Material provided:
....

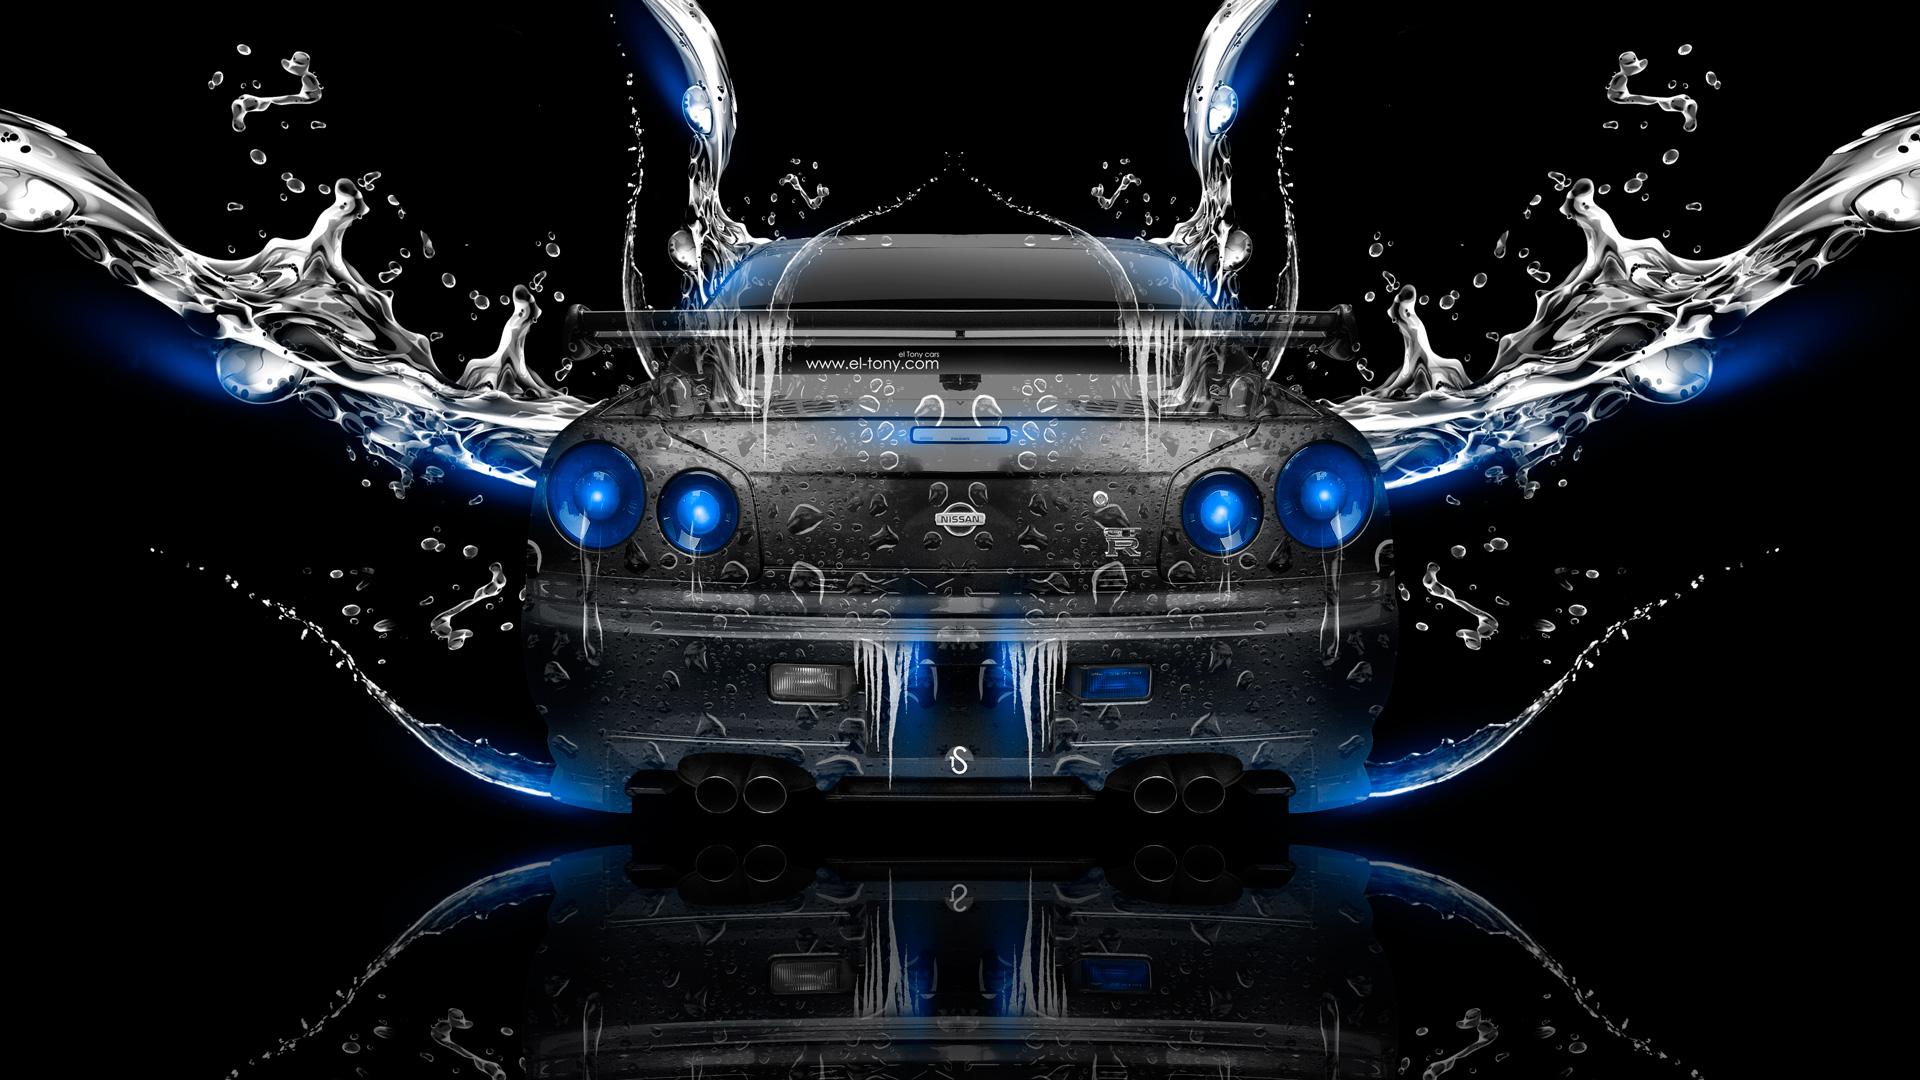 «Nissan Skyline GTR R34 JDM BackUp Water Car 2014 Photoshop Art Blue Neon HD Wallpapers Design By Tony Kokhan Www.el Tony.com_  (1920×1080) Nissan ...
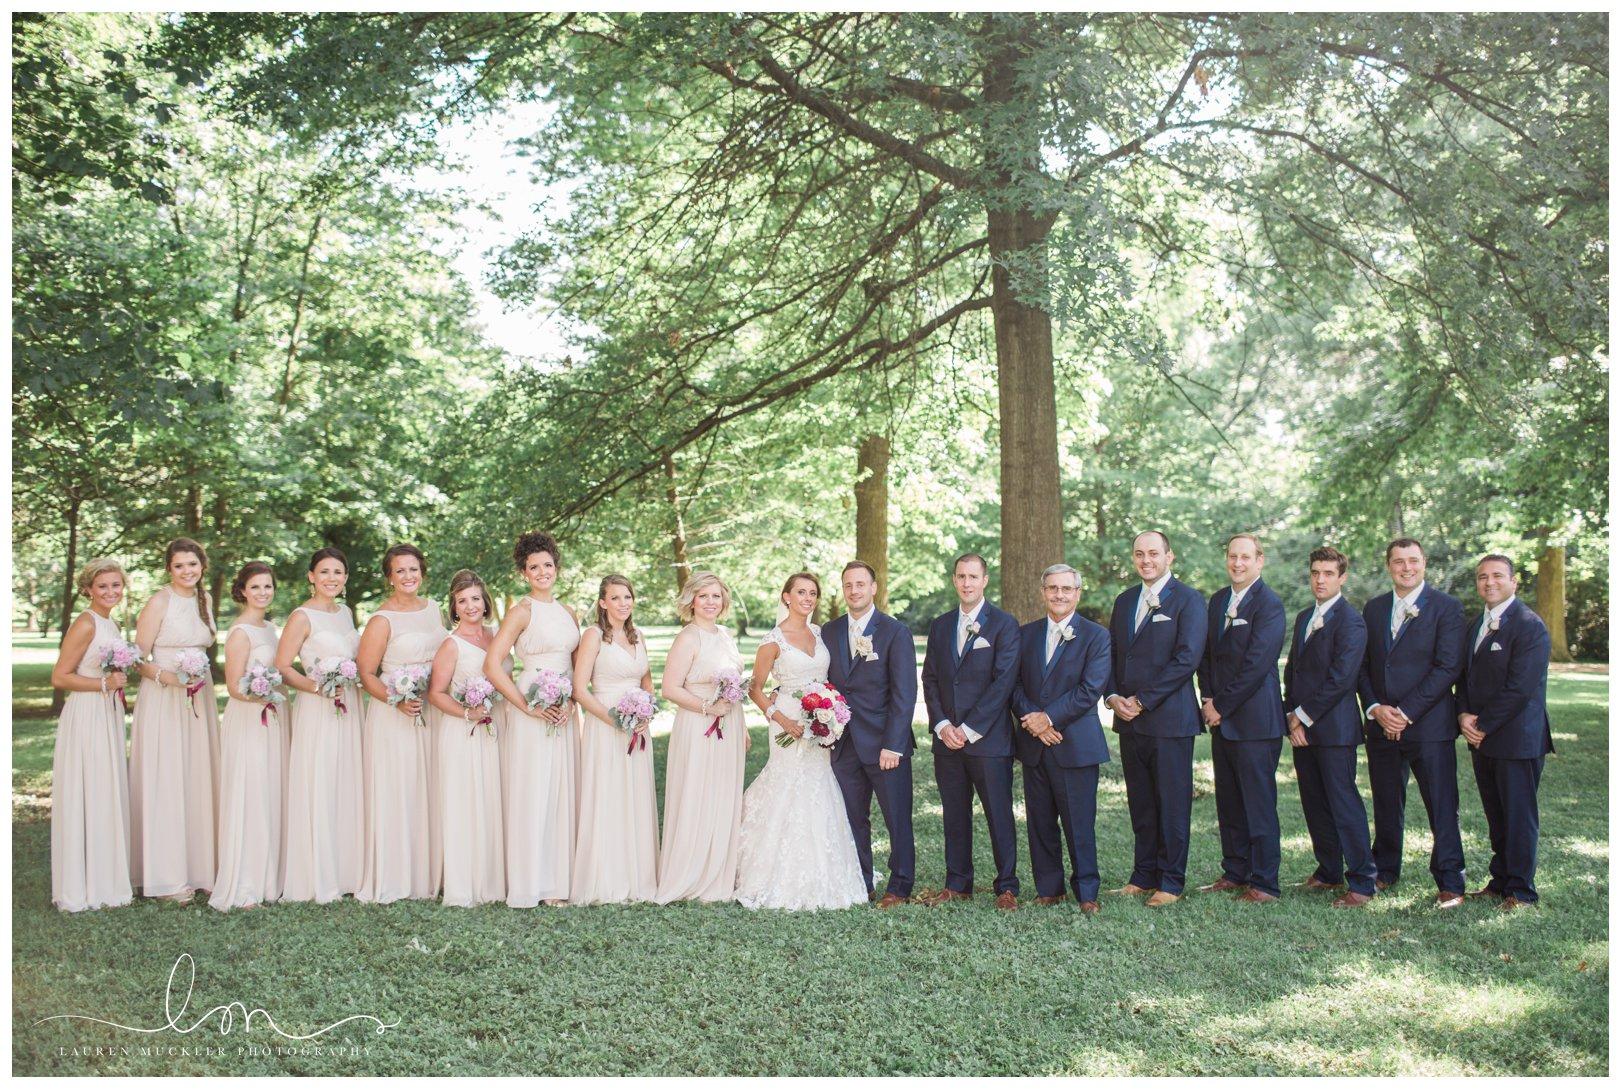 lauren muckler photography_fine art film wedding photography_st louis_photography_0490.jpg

....

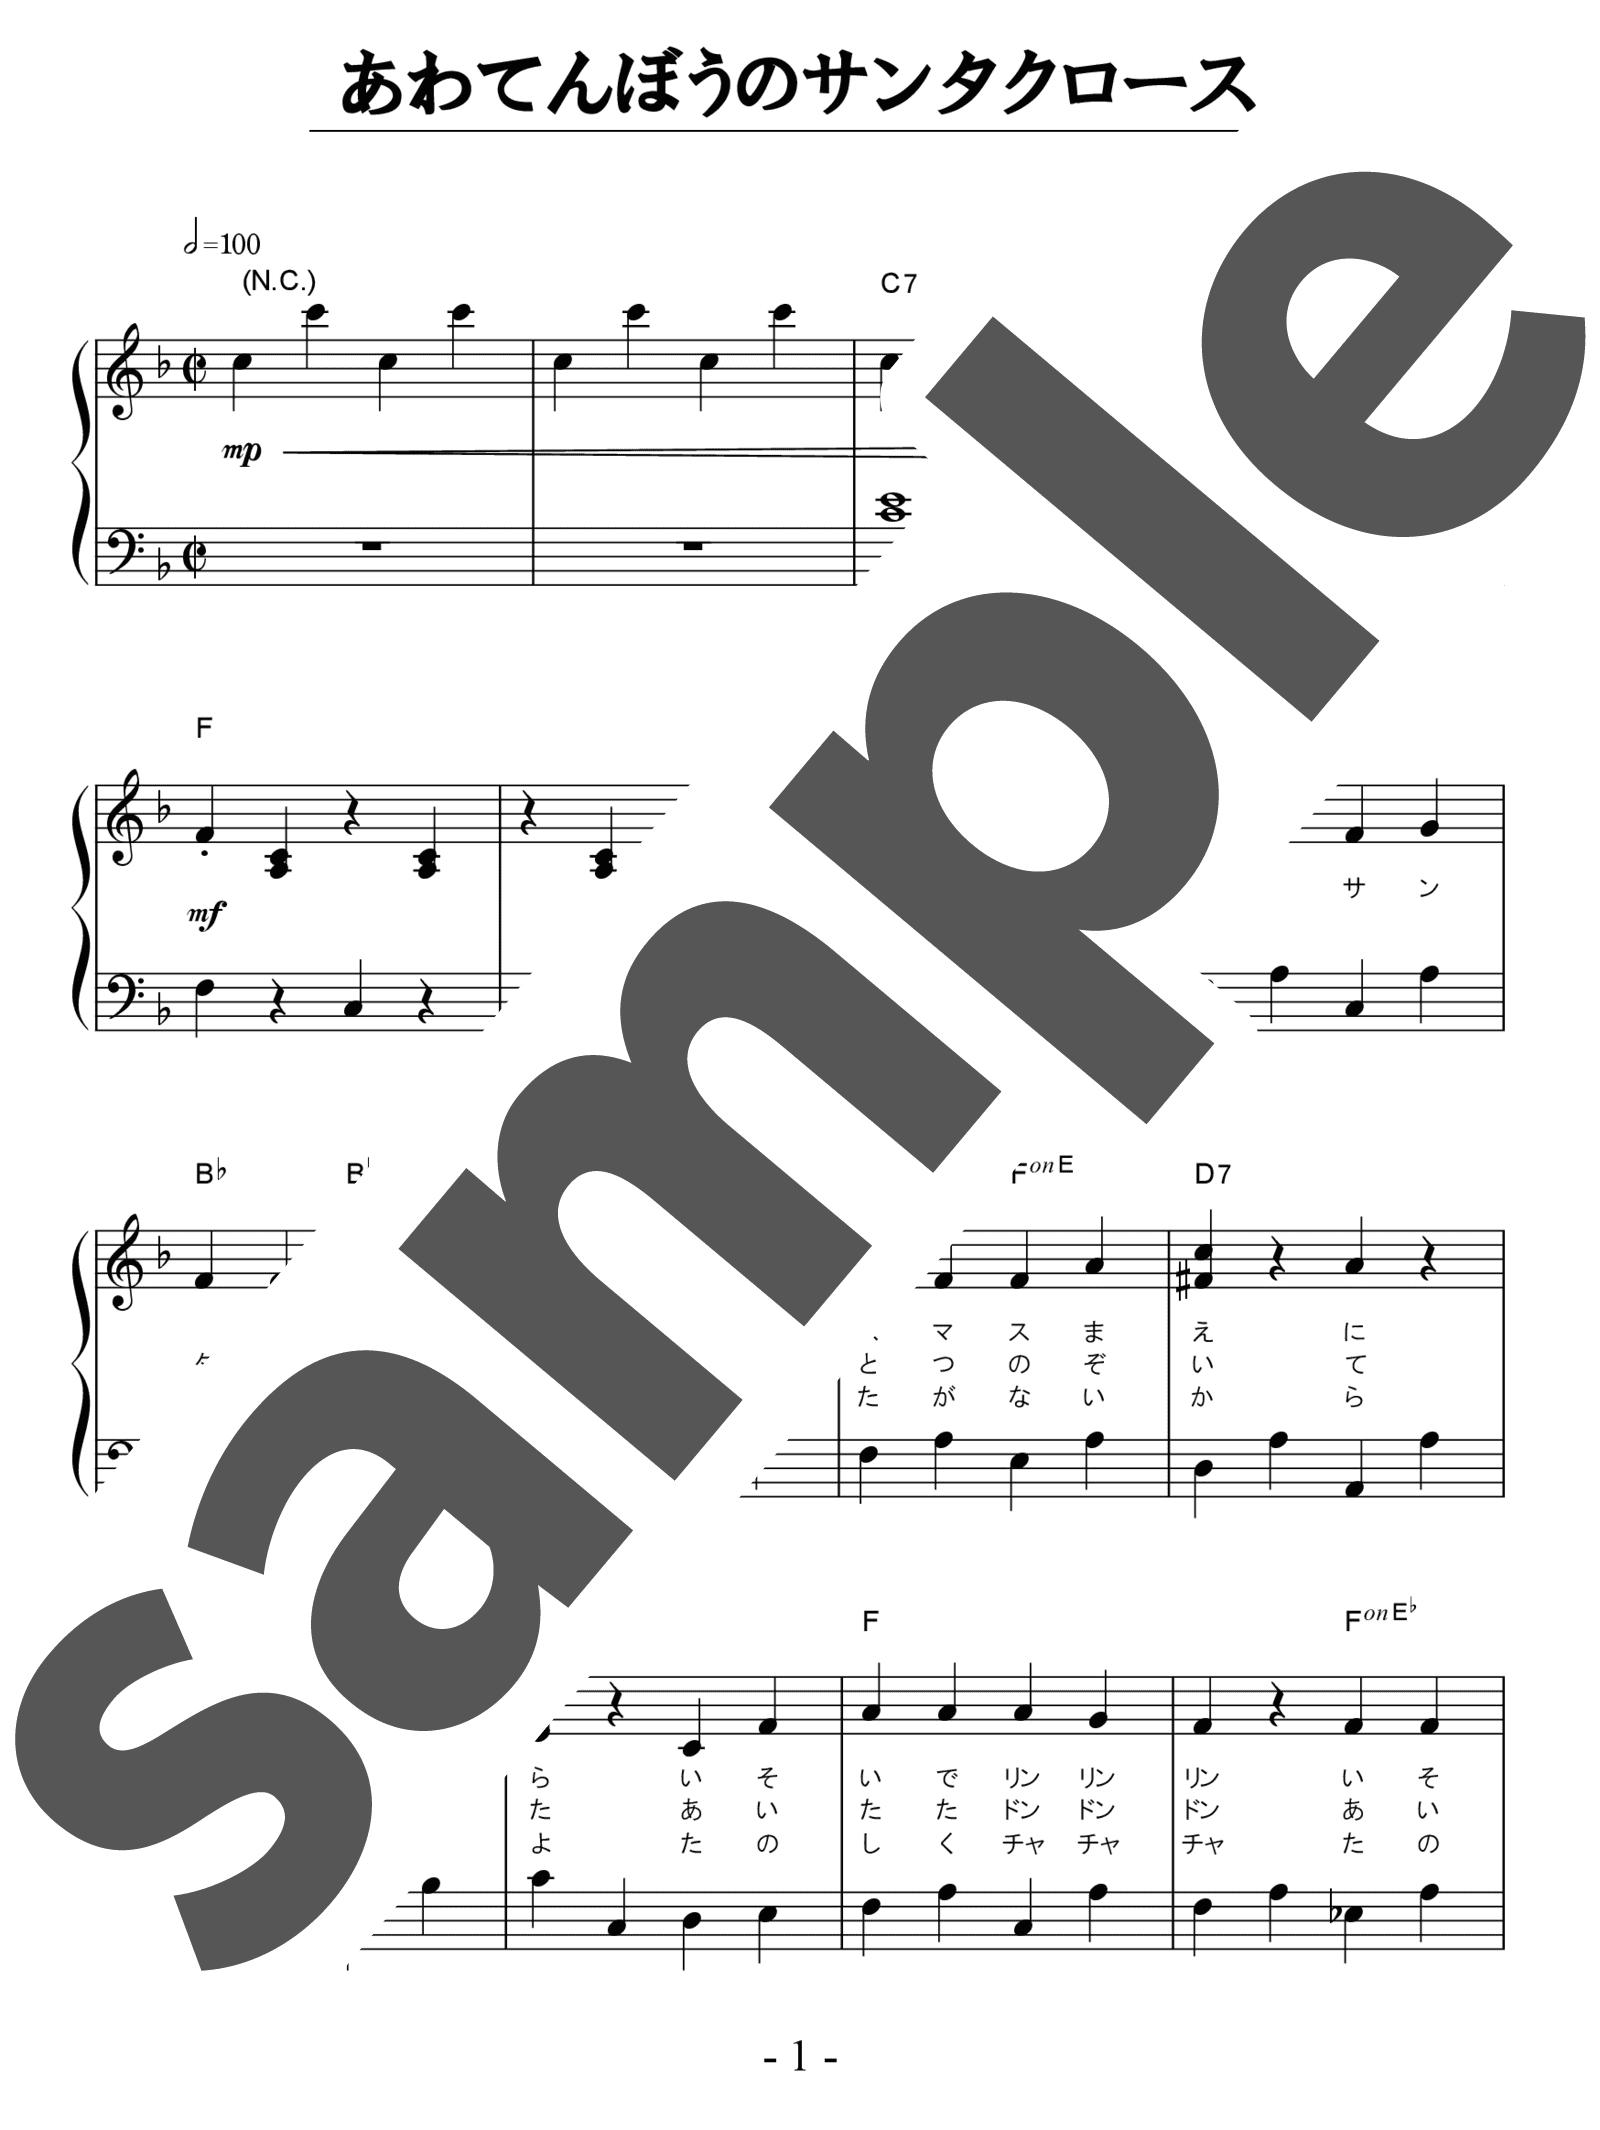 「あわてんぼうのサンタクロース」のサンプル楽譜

....

Exercise instructions: "(1920×1080) Nissan ..." marks the first line to copy, and "lauren muckler photography_fine" marks the last. Repeat that stretch above exactly, with no pictures.

Answer for the task:
 «Nissan Skyline GTR R34 JDM BackUp Water Car 2014 Photoshop Art Blue Neon HD Wallpapers Design By Tony Kokhan Www.el Tony.com_  (1920×1080) Nissan ...
 lauren muckler photography_fine art film wedding photography_st louis_photography_0490.jpg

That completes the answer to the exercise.